From: Alexander Shishkin
Date: Tue Sep 05 2017 - 09:42:06 EST


A SHMEM buffer is only pinned in while its task is scheduled in and the
pinning is done in a task work, which also implies that the corresponding
event can only be started from that task work.

Pinning is done on a per-cpu basis: if an event has previously been
pinned on the local cpu, its unpinned and its pin count is dropped and a
new event is pinned on this cpu. When the pin count goes to zero, we
unpin the pages, when it goes to one, we pin them.

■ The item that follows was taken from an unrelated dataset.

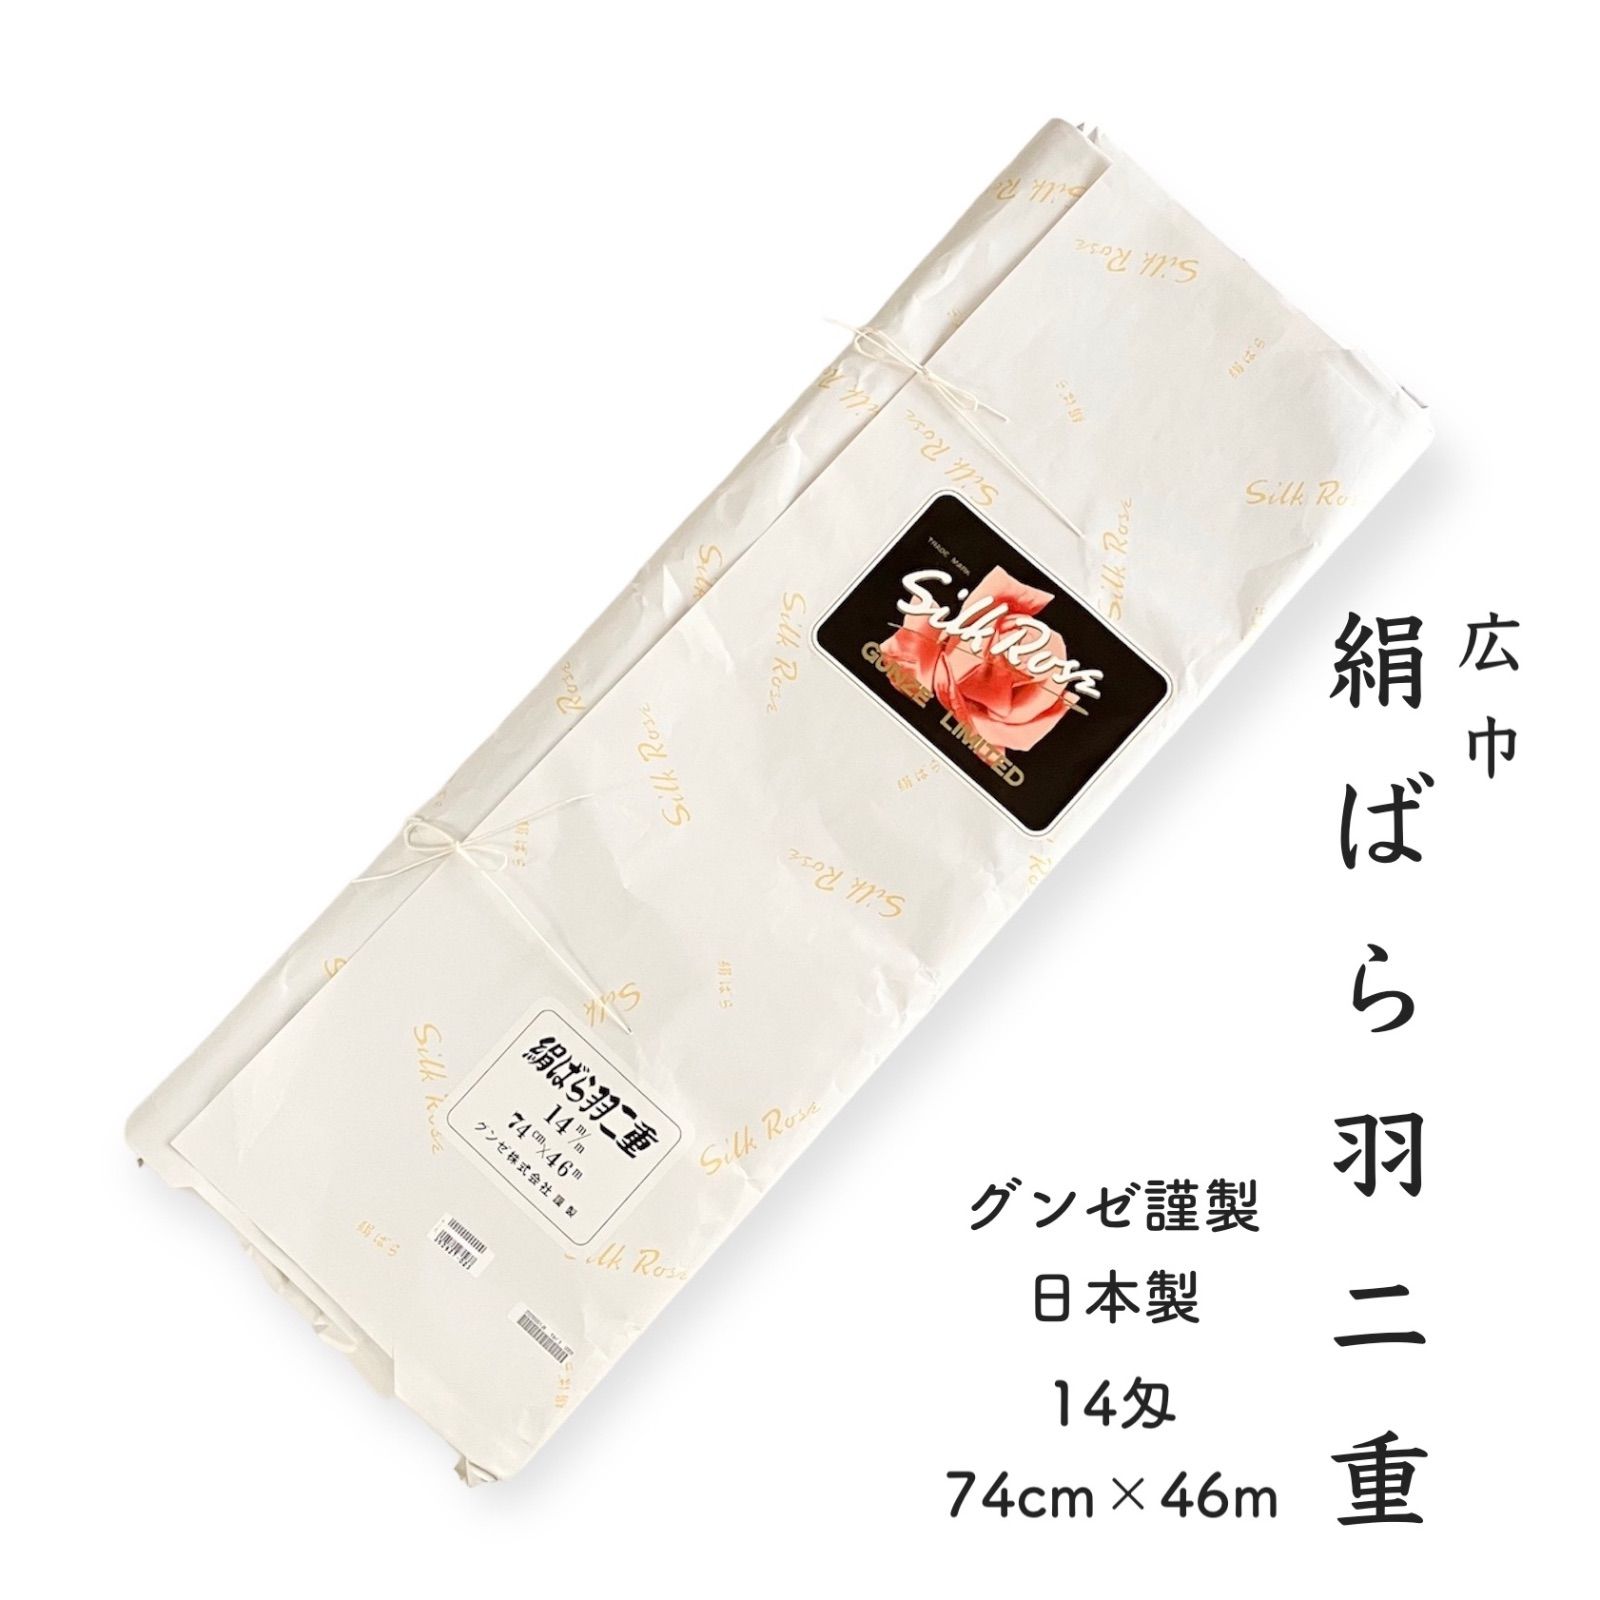 絹ばら 羽二重 正絹 胴裏 日本製 グンゼ 絹バラ シルクローズ 白 広巾

Signed-off-by: Alexander Shishkin <alexander.shishkin@xxxxxxxxxxxxxxx>
---
include/linux/perf_event.h | 10 +++
kernel/events/core.c | 134 ++++++++++++++++++++++++++++-
kernel/events/internal.h | 5 ++
kernel/events/ring_buffer.c | 202 +++++++++++++++++++++++++++++++++++++++++++-
4 files changed, 347 insertions(+), 4 deletions(-)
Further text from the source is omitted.